Two camps quickly emerged. One thought the warm pairing of a gay, liberal comedian with a conservative, Republican president represented a moment of much-needed civility. The other side thought it amounted to a betrayal. President Bush, the latter argued, initiated endless wars, responded slowly to Hurricane Katrina, even advocated restricting LGBTQ rights, which would have affected Ms. DeGeneres directly. Two people so at odds politically, they said, should also be at odds socially.

For Ms. DeGeneres on this occasion, those differences didn’t matter. Echoing the golden rule on her talk show two days later, she argued against being kind to only those like-minded in political views. “Just because I don’t agree with someone on everything,” she said, “doesn’t mean that I’m not going to be friends with them.” Mr. Bush, she said, was her friend.

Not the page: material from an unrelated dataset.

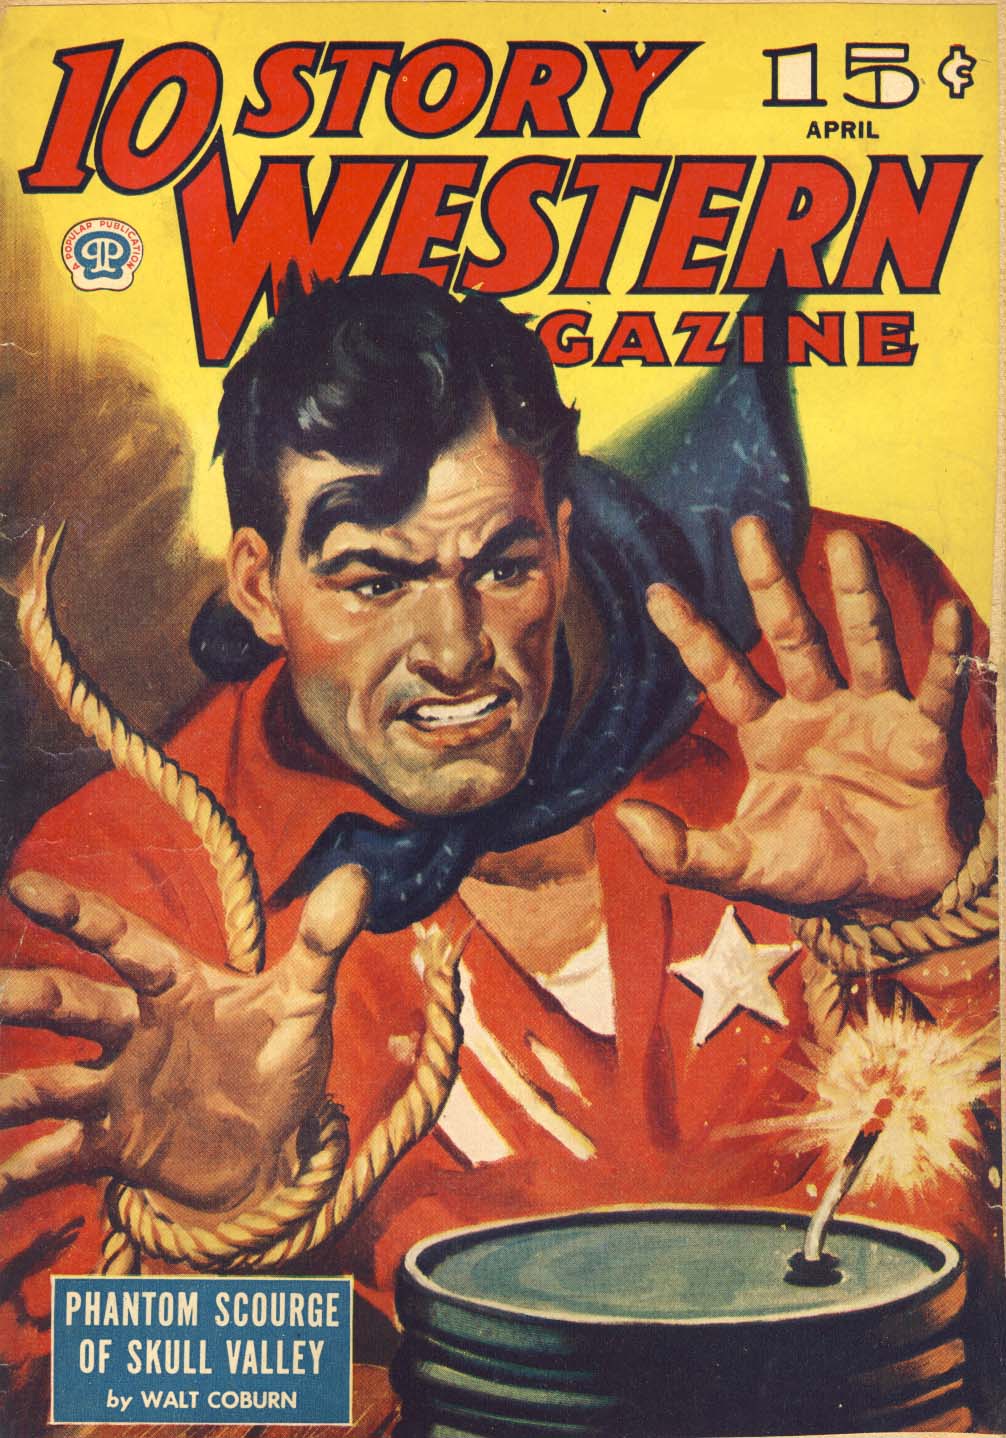 10 Story Western Magazine, v.21, n.25, Apr. 1945  cover

Many called Ms. DeGeneres’ monologue reductive, flip, and pharisaical. Saying Mr. Bush was a friend meant accepting his actions. There are some people, they argued, with whom we shouldn’t be friends.

The debate over Ms. DeGeneres and the former president embodies a larger question in American culture: How do we live with people whose opinions and actions are so different from ours? In a time when differences sometimes feel threatening, do we even interact at all?

Polls show much of the public thinks not, with many saying they’ve stopped talking to someone over political differences (50% for Democrats, 38% for Republicans, and 35% for independents). Activist groups, especially on college campuses, often argue over who even deserves a voice – sometimes turning to violence to suppress others.

A recent experiment suggests this intolerance can end. Organized by academics and consultants, a project called America in One Room gathered a representative sample of 523 voters in Dallas and staged a weekend of lectures and discussions. Participants of both parties, exposed to different viewpoints, abandoned their more extreme positions – Republicans on immigration and Democrats on the economy. At the end, all but 5% agreed they “learned a lot about people very different from me – about what they and their lives are like.”

The cure to division, it turned out, was exposure.

There are elements of privilege involved in Ms. DeGeneres’ bonhomie with Mr. Bush, but that shouldn’t distract from research, like that of America in One Room, that shows spending time with people unlike you can create an overall good. Many have argued that the former president hasn’t apologized for what they see as past transgressions. But saying people are too far gone for our company suggests we don’t expect them to change in the first place.

Perhaps compassion and empathy, rather than ostracism, are better ways to change a mind. Maybe they can change what it means to be a “friend.”

At the start of World War II, Mahatma Gandhi wrote to Adolf Hitler, imploring him to end the fighting. At no point did he condone Hitler’s actions, calling them “monstrous and unbecoming of human dignity.” But that didn’t stop Gandhi from writing, separating evil acts from the person committing them. The letter never made it to Hitler, but if it had, he would have seen it addressed at the top: “Dear Friend.”